Is that understanding correct? I mainly need help for the surface integrals, but anything to further my understanding is very welcome.

Thank you.

My attempt to continue the problem is by first using the unit vector, $\hat{n} = \hat{e_r}$ and taking the dot product of $\vec{F}\cdot \hat{n} = \frac{r}{(r^2+a^2)^{1/2}}$.

Using the surface element of constant radius, the surface integral becomes

$\int^{2\pi}_0 \int^{\pi}_0 \frac{r}{(r^2+a^2)^{1/2}} r^2 sin(\theta) d\theta d\phi$

Thus, for $r = \sqrt{3}a$

$ \frac{a^23\sqrt{3}}{2}\int^{2\pi}_0 \int^{\pi}_0 sin(\theta) d\theta d\phi$

The result is $6\pi a^2 \sqrt{3}$? I'm not sure if this is right, because when I used the divergence theorem my answer was $4\sqrt{3}\pi a^2 + 3 \pi a^3$.

  • $\begingroup$ I don't see anything wrong with your understand so far.

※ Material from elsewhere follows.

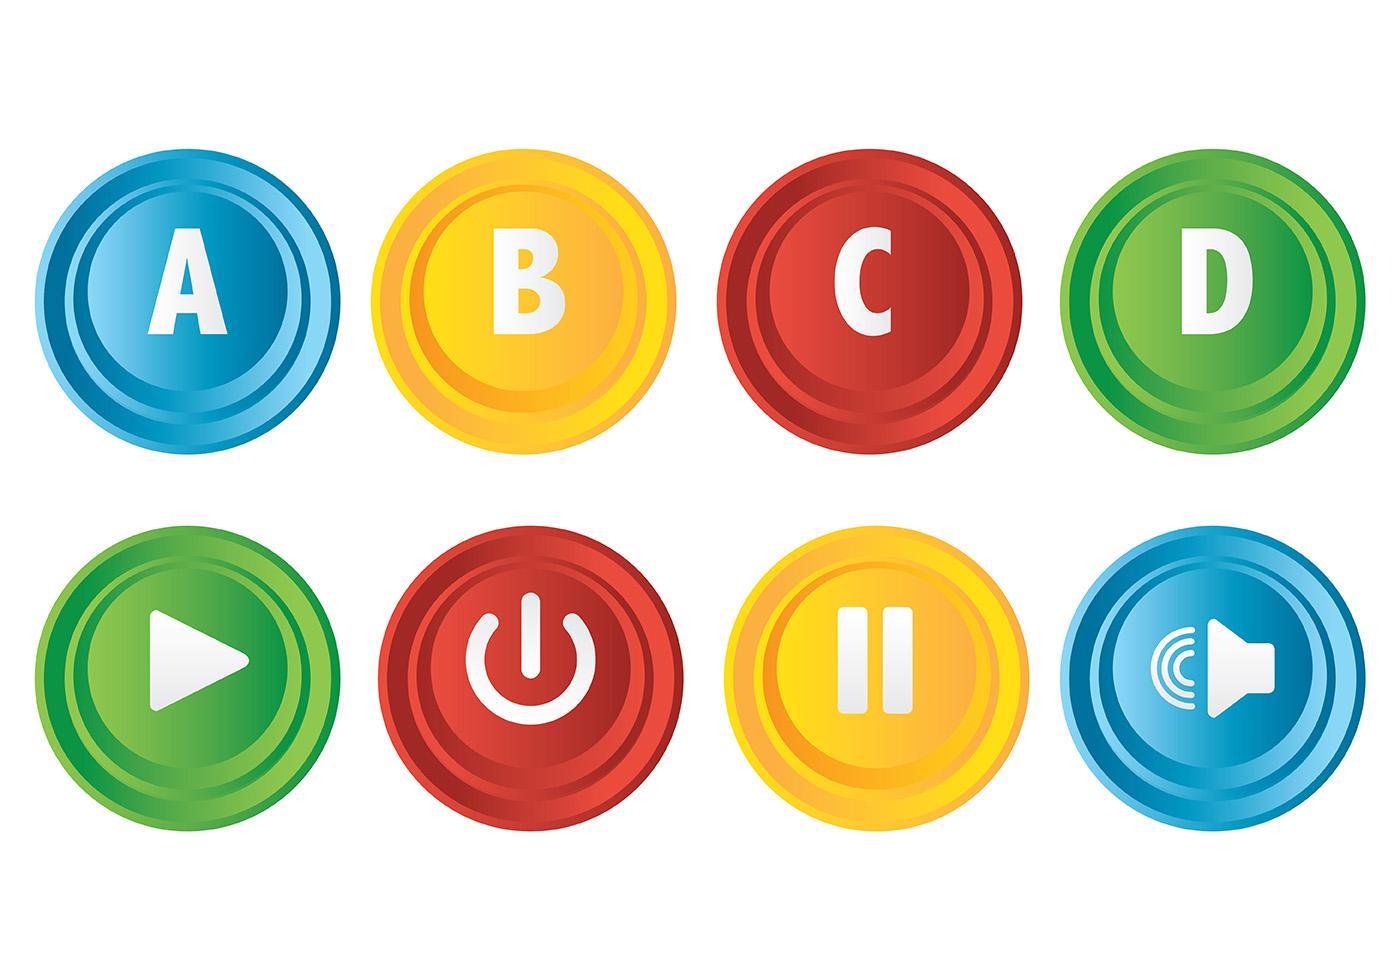 Free Arcade Button Icons Vector - Download Free Vectors ...

Can you keep going and solve the surface integral? Note that the unit normal vector on a spherical surface centered at the origin is simply $\hat{n}=\hat{e}_r$. $\endgroup$ – David H Mar 24 '14 at 5:01
  • $\begingroup$ Thanks David; I'll try to continue it, but how do you find the unit normal vector so easily? For instance, on the curved part of a cylinder (in cylindrical coordinates), would it simply be $\hat{n} = \hat{e_\rho}$? $\endgroup$ – A4Treok Mar 24 '14 at 5:11
  • $\begingroup$ A spherical surface is a surface of constant radius. A normal vector to this surface is a vector perpendicular to it, which is clearly the direction of increasing radius. Yes, the normal vector on a cylinder would be just as you guessed. It's completely analogous to $\hat z$ being the normal vector to a surface of contant $z$, such as the $xy$-plane or any plane parallel to it. $\endgroup$ – David H Mar 24 '14 at 6:09
  • $\begingroup$ Also, your result $6\sqrt{3}\pi a^2$ is correct. Your calculation using the divergence theorem is wrong. $\endgroup$ – David H Mar 24 '14 at 6:12
  • $\begingroup$ Many thanks for everything David. I'll retry my solution for the divergence theorem portion and post an answer if I get it. You've been a great help. $\endgroup$ – A4Treok Mar 24 '14 at 6:14

The divergence of a vector field $\vec{F}=F_r\hat{e_r}+F_{\theta}\hat{e_{\theta}}+F_{\phi}\hat{e_{\phi}}$ in spherical coordinates is $$\nabla\cdot\vec{F}=\frac{1}{r^2}\frac{\partial}{\partial r}\left(r^2F_r\right)+\frac{1}{r\sin{\theta}}\frac{\partial}{\partial\theta}(\sin{\theta}F_{\theta})+\frac{1}{r\sin{\theta}}\frac{\partial F_{\phi}}{\partial\phi}.$$

For the vector field you were given, $\vec{F}=\frac{r\hat{e_r}}{(r^2+a^2)^{1/2}}$,


$$\implies\nabla\cdot\vec{F}=\frac{1}{r^2}\frac{\partial}{\partial r}\left(r^2F_r\right)$$

Now, before you waste time computing that derivative in the last line above for the divergence, let's set up the integral we're looking to calculate. By the divergence theorem,

$$\iint_{\partial V}\vec{F}\cdot\hat{n}\,dS=\iiint_V\nabla\cdot\vec{F}dV\\ =\int_0^{2\pi}\int_0^{\pi}\int_0^{\sqrt{3}a}(\nabla\cdot\vec{F})\,r^2\sin{\theta}\,drd\theta d\phi\\ =\left(\int_0^{2\pi}d\phi\right)\left(\int_0^{\pi}\sin{\theta}d\theta\right)\int_0^{\sqrt{3}a}r^2(\nabla\cdot\vec{F})\,dr\\ =4\pi\int_0^{\sqrt{3}a}r^2(\nabla\cdot\vec{F})\,dr\\ =4\pi\int_0^{\sqrt{3}a}r^2\cdot\frac{1}{r^2}\frac{\partial}{\partial r}\left(r^2F_r\right)\,dr\\ =4\pi\int_0^{\sqrt{3}a}\frac{\partial}{\partial r}\left(r^2F_r\right)\,dr\\ =4\pi(r^2F_r)\big|_0^{\sqrt{3}a}\\ =4\pi\frac{(\sqrt{3}a)^3}{\sqrt{(\sqrt{3}a)^2+a^2}}\\ =4\pi\frac{3\sqrt{3}a^3}{2a}\\ =6\sqrt{3}\pi a^2.$$


It would make understand better and in detail. Kindly follow the link. Then you can solve your problem discussed above.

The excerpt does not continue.